Records from a collection:
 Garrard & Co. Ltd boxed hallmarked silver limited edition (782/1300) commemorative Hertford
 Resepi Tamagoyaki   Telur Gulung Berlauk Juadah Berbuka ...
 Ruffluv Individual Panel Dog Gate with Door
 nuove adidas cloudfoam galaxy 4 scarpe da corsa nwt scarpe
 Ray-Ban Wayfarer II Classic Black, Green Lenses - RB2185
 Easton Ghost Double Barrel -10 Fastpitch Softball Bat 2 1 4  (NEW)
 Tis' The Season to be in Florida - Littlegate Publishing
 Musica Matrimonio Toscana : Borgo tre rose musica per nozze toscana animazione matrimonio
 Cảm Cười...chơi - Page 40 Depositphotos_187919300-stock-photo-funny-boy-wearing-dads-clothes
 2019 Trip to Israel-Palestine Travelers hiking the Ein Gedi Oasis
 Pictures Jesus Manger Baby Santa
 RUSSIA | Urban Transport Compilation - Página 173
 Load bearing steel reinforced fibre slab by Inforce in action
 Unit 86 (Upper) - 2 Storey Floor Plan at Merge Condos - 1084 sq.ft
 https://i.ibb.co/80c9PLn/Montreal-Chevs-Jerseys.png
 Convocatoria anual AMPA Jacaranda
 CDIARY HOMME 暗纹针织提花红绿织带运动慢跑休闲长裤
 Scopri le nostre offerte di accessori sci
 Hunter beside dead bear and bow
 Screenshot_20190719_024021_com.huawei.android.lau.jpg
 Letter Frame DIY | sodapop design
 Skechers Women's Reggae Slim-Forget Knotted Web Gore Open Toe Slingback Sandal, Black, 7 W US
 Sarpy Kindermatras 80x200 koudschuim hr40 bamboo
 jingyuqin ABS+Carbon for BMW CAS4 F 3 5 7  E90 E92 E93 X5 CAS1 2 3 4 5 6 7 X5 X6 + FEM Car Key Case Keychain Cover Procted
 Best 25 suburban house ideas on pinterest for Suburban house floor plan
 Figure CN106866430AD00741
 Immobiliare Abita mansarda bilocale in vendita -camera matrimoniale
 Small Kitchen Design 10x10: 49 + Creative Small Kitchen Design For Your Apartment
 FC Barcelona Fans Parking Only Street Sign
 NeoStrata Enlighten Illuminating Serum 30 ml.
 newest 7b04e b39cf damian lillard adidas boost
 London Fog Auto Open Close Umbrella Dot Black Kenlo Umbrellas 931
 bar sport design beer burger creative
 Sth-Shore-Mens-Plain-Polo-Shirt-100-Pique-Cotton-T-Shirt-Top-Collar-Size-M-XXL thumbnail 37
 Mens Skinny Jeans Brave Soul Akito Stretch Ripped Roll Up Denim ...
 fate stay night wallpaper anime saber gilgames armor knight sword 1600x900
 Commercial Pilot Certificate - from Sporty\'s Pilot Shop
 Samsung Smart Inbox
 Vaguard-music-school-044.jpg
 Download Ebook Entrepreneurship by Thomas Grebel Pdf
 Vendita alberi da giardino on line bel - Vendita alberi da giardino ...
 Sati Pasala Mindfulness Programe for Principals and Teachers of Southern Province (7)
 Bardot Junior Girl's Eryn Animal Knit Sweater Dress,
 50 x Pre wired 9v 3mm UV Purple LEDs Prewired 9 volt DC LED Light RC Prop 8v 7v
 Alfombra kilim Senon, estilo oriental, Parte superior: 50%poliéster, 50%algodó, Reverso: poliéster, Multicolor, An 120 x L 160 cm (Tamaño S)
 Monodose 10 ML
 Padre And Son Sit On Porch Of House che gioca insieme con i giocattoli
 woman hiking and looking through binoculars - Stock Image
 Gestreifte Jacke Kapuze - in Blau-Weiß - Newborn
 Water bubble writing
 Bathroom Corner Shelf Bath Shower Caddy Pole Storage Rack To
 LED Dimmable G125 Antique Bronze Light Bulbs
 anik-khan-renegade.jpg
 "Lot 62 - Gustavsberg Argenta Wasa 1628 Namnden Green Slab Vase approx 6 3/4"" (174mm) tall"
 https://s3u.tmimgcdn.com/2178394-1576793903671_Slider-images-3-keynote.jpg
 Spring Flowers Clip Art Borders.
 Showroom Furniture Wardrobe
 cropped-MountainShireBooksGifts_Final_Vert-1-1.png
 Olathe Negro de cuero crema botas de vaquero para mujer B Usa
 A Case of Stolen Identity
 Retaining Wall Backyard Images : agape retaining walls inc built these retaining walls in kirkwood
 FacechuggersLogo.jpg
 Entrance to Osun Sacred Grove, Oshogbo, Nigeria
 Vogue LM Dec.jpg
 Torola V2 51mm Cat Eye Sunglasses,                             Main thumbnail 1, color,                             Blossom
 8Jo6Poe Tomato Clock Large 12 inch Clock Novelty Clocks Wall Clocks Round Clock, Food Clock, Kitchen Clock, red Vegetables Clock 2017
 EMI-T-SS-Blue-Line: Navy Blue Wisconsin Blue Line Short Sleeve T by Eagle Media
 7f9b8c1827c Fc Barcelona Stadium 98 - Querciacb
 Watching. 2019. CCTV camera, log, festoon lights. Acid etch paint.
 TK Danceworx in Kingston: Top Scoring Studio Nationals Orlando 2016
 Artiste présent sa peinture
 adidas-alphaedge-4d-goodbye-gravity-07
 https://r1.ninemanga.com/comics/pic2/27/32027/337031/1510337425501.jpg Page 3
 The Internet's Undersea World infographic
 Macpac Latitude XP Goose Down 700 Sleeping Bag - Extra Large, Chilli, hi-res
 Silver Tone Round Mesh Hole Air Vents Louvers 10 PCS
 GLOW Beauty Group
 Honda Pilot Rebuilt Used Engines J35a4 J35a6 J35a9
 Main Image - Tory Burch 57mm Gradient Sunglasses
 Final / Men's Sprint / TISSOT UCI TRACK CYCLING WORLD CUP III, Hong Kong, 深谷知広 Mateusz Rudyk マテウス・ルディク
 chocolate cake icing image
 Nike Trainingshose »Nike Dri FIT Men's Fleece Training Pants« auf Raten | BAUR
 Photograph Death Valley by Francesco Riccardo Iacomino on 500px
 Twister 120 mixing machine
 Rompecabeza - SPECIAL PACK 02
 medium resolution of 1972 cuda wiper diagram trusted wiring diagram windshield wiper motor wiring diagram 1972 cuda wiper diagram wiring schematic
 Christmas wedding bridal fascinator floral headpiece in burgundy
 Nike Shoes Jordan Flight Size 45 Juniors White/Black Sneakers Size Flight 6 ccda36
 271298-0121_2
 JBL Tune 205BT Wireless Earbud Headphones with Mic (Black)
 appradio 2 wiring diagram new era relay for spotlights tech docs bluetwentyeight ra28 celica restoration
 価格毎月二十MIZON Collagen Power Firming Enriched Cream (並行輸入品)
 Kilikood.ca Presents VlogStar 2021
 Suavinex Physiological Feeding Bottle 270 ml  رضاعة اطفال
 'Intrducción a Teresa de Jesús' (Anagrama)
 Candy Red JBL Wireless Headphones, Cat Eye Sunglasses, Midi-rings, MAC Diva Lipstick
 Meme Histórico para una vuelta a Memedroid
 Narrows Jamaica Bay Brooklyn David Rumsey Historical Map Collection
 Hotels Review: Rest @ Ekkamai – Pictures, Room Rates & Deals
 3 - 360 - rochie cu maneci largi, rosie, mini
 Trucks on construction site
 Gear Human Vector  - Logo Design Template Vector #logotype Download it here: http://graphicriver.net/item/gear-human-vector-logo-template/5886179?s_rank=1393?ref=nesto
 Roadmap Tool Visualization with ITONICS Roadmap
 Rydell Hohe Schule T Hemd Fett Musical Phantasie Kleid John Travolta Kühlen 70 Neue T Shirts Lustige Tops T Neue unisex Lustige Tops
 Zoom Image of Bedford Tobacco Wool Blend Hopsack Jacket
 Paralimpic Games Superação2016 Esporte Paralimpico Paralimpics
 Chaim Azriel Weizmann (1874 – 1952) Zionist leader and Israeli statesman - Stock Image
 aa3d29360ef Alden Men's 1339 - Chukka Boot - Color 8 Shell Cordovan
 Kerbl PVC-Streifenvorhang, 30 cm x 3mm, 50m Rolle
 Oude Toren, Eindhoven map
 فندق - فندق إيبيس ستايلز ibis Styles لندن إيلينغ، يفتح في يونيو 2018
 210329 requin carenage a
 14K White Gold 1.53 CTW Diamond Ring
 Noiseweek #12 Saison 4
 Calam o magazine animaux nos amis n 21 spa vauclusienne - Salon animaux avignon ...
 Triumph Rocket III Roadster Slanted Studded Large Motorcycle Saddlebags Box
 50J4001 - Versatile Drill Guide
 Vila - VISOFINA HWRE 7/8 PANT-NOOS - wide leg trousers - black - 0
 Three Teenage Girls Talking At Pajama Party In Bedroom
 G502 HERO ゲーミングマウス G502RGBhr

■ **What to produce**
Wherever the string "Download" appears in a line of the records, copy that line.

■ **Expected answer**
 Download Ebook Entrepreneurship by Thomas Grebel Pdf
 Gear Human Vector  - Logo Design Template Vector #logotype Download it here: http://graphicriver.net/item/gear-human-vector-logo-template/5886179?s_rank=1393?ref=nesto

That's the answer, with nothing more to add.